[<prev] [next>] [thread-next>] [day] [month] [year] [list]
Message-Id: <cover.1754712565.git.tim.c.chen@linux.intel.com>
Date: Sat, 9 Aug 2025 12:57:50 +0800
From: Chen Yu <yu.c.chen@...el.com>
To: Peter Zijlstra <peterz@...radead.org>,
Ingo Molnar <mingo@...hat.com>,
K Prateek Nayak <kprateek.nayak@....com>,
"Gautham R . Shenoy" <gautham.shenoy@....com>
Cc: Vincent Guittot <vincent.guittot@...aro.org>,
Juri Lelli <juri.lelli@...hat.com>,
Dietmar Eggemann <dietmar.eggemann@....com>,
Steven Rostedt <rostedt@...dmis.org>,
Ben Segall <bsegall@...gle.com>,
Mel Gorman <mgorman@...e.de>,
Valentin Schneider <vschneid@...hat.com>,
Libo Chen <libo.chen@...cle.com>,
Madadi Vineeth Reddy <vineethr@...ux.ibm.com>,
Hillf Danton <hdanton@...a.com>,
Shrikanth Hegde <sshegde@...ux.ibm.com>,
Jianyong Wu <jianyong.wu@...look.com>,
Yangyu Chen <cyy@...self.name>,
Tingyin Duan <tingyin.duan@...il.com>,
Vern Hao <vernhao@...cent.com>,
Len Brown <len.brown@...el.com>,
Tim Chen <tim.c.chen@...ux.intel.com>,
Aubrey Li <aubrey.li@...el.com>,
Zhao Liu <zhao1.liu@...el.com>,
Chen Yu <yu.chen.surf@...il.com>,
Chen Yu <yu.c.chen@...el.com>,
linux-kernel@...r.kernel.org
Subject: [RFC PATCH v4 00/28] Cache aware load-balancing
From: Tim Chen <tim.c.chen@...ux.intel.com>
This is the forth revision of the cache aware scheduling
patches, based on the original patch proposed by Peter[1].

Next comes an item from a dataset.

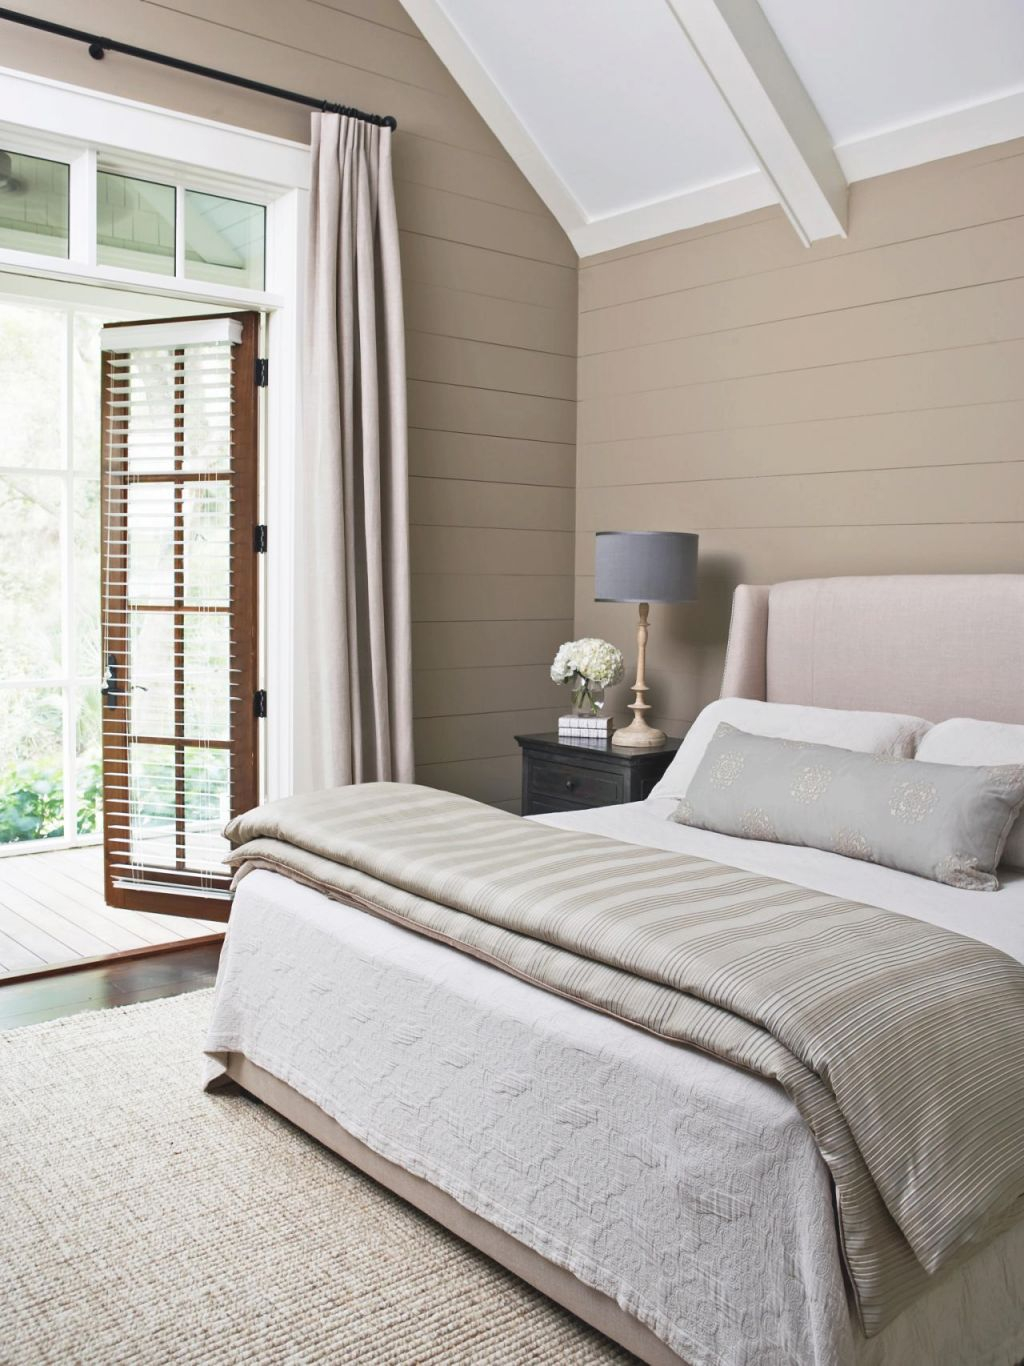 14 Ideas For Small Bedroom Decor | Hgtv's Decorating with Best of Decorating Ideas For Small Bedroom

The main change in v4 is to address the performance regressions
reported in v3, which are caused by over-aggregation of tasks in
a single LLC, but they don't actually share data. Such aggregation
could cause regression on platforms with smaller LLC size. It can
also occur when running workloads with a large memory footprint
(e.g., stream) or when workloads involve too many threads
(e.g., hackbench).
Patches 1 to 20 are almost identical to those in v3; the key fixes
are included in patches 21 to 28. The approach involves tracking a
process's resident pages and comparing this to the LLC cache size.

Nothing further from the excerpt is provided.